Picture this. It’s mid April, 2011. Everything seems bright and sunny for cloud computing firms. A leading technology research group has recently predicted that by the end of 2012, a full 20% of businesses will have no on-site IT infrastructure. Everyone will be using the cloud instead because it’s so cheap, so effortless, so secure, so reliable! Everybody is in love with this shiny new infrastructure. Just when the future seems assured, those clouds of promise turn to lowering thunderheads. Suddenly, lightning strikes - taking down one of the largest cloud providers in the blink of an eye! What followed was a downward spiral that seriously impacted the reputation and short term growth potential of this infant industry.
You might recognize this scenario as a description of the great Amazon EC2 catastrophe of 2011. It will likely take the cloud industry years to recover from this debacle. Sadly, what devastated the trust of customers was not just what happened but how Amazon decided to communicate (or not communicate) as the problem was being resolved.
So, what did happen?
In a nutshell, the root cause of what happened is that someone screwed up what should have been a routine task and all heck broke loose. Of course, Amazon is still not saying exactly who was responsible. However, since they now claim that one of the things they are doing to prevent future problems is increasing automation, it’s likely that human error of some kind triggered the original event. You can find a detailed, technical postmortem of the whole thing here.
Amazon needs a course in basic crisis communication
Instead of communicating early and often in as much detail as possible, Amazon communicated late, infrequently, and in vague terms. They didn’t even bother to use Twitter to keep customers posted. Paul McNamara from Buzzblog reported that Amazon hadn’t issued an apology at the 5 day mark after the outage (although they did eventually apologize). This goes against all the guidelines for crisis communication. What are those guidelines and how did Amazon fail to follow them?
Tell customers what happened. (It took 40 minutes for Amazon to notify customers there was a problem. It took 8 hours for Amazon to give customers even a basic description of the problem.)
Tell customers how the problem occurred. (Amazon claims they didn’t do this during the crisis because they wanted to investigate the incident thoroughly first. Also, they claim that every single person was working on fixing the problem. I guess they don’t have a PR department?)
State who is affected, how, and to what degree. (Amazon didn’t give out precise information about the scope and nature of the problem even while it was still expanding to affect more and more customers. This left customers guessing about whether they needed to take steps to move their servers and volumes to unaffected zones. A warning would have been nice.)
Tell customers what you are doing to fix the problem. (Saying “We’re all working on it really hard” over and over doesn’t cut it.)
Tell customers what you are doing to ensure it doesn’t happen again. (This one is actually OK to do after the fact when all the details are in.)
Express sincere empathy for those affected. (It’s possible to do this without accepting blame, so there was no reason for Amazon to wait until they knew every detail about what happened and why).
Trust no one?
Cloud providers will always promise the moon.

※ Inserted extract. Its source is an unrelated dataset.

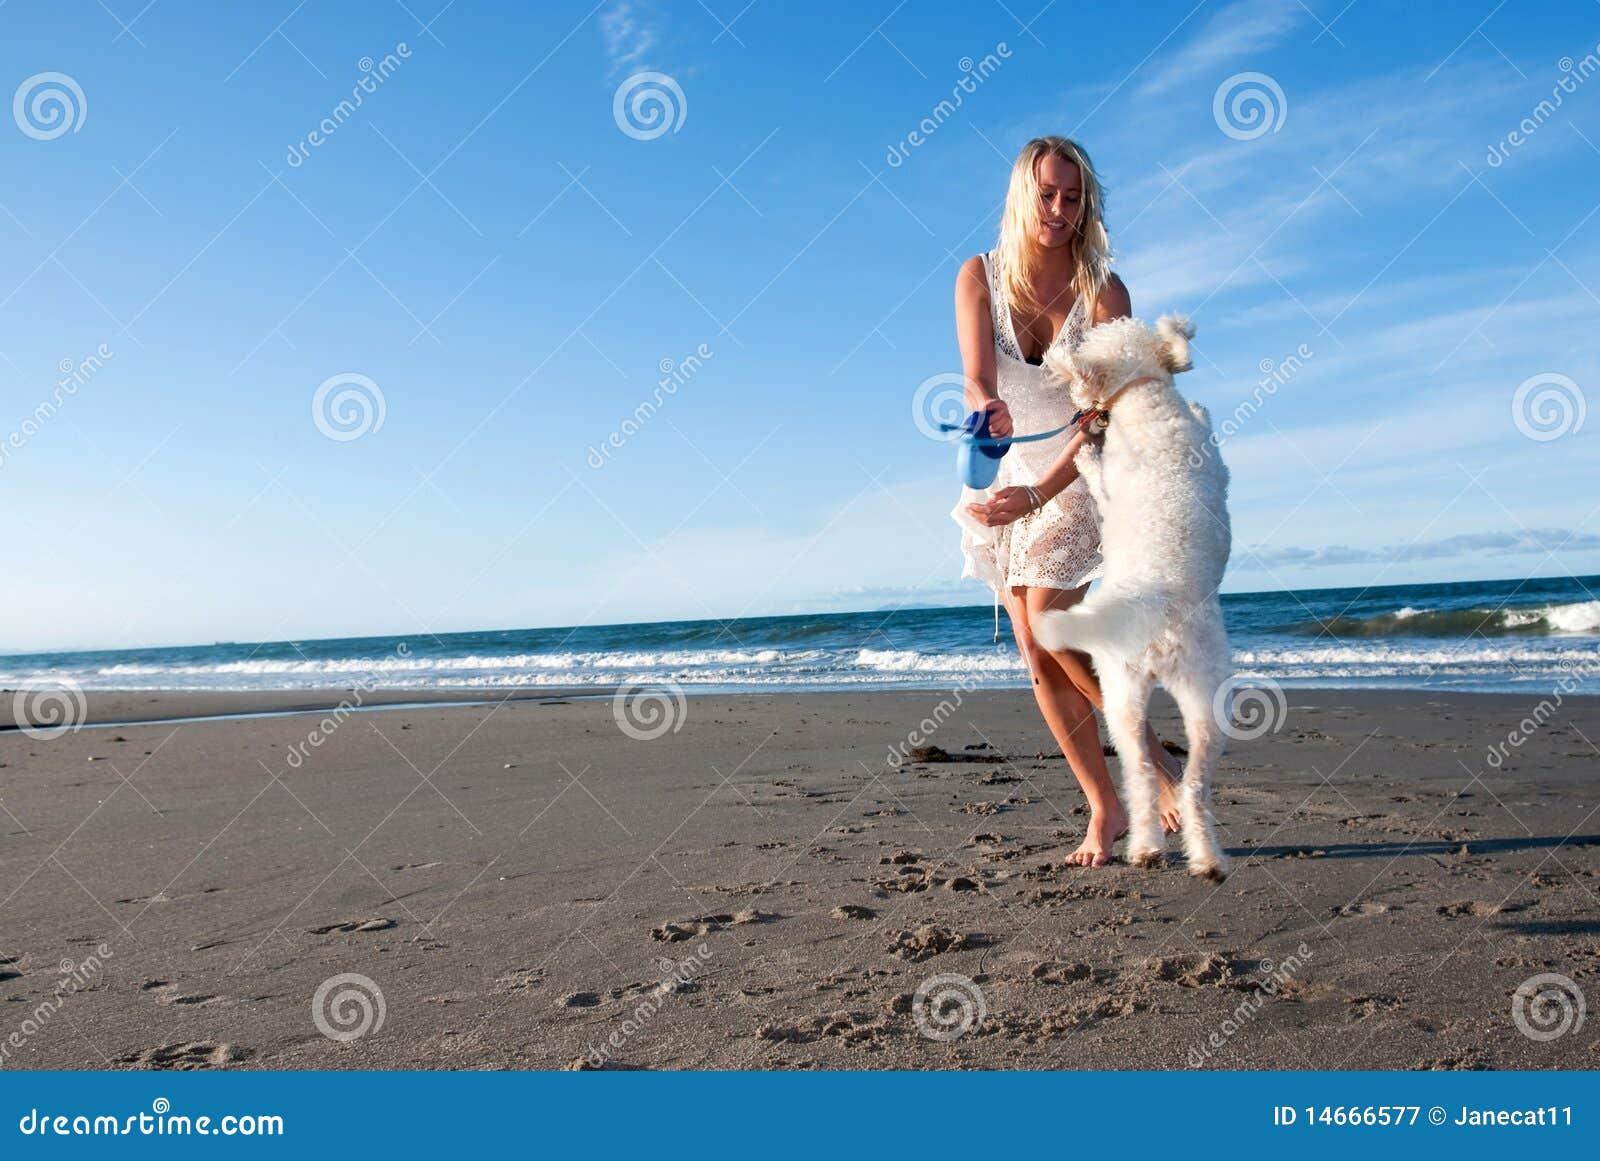 Mädchen mit Hund am Strand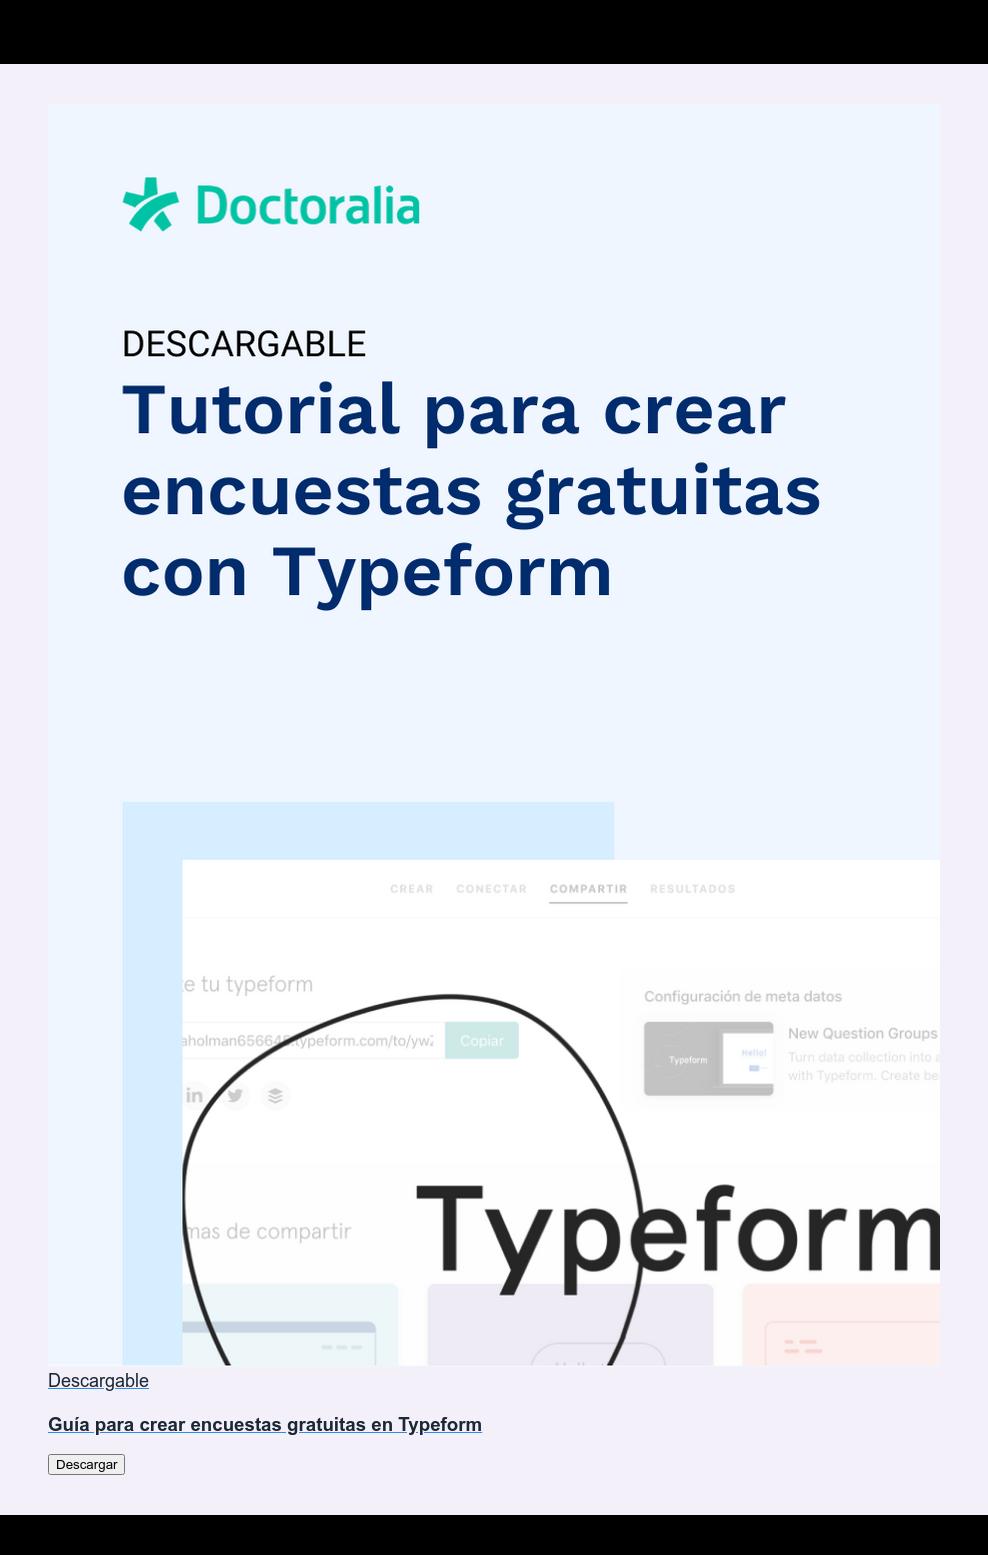 Descargable  Guía para crear encuestas gratuitas en Typeform Descargar

No firm is going to come out and say any of the following (even though these things may be true):
We take security seriously, but let’ face it. A bored 19 year old with a grudge might invent a novel way to take down the entire system some day and there’s %*X! all we can do to stop that.
If your business goes out of business because of a service failure on our part, good luck scraping together enough money to hire a lawyer and come after us.
Some of our employees are occasionally going to be just as overworked and under-enthusiastic as anyone else. No matter how many layers of redundancy we have in place to catch mistakes, there will always be an error rate that is > 0.
The cloud is now so complex that no one person can grasp the entire concept of our infrastructure. Much of what we handle is too massive to even be realistically testable. We’ve got plenty of specialists; but there’s always a chance we’re overlooking something that will come back to bite us later.
Solar flares, earthquakes, and other disasters happen. We’ve heard the earth’s magnetic poles are about to shift, too. Deal with it.
Just because no one is saying these things doesn’t mean you can’t trust a cloud provider. You just need to assume these risks exist even if they are unspoken.
How to protect yourself
One thing that many people overlook in the discussion of whether to trust the cloud again is that the other options (private on-site data centers) aren’t necessarily safer. Creating your own backup plan and ensuring it can be carried out even when your major cloud supplier is down is your best bet. This includes more than just deploying in multiple availability zones with a single provider. You may also need to contract with a backup service provider who can step in and take over if your primary bites the dust. Just as important, you need to have your own crisis communication plan in place to talk with your customers about how your site is being affected by a service provider’s outage. You can find additional common sense advice on what steps to take here and here.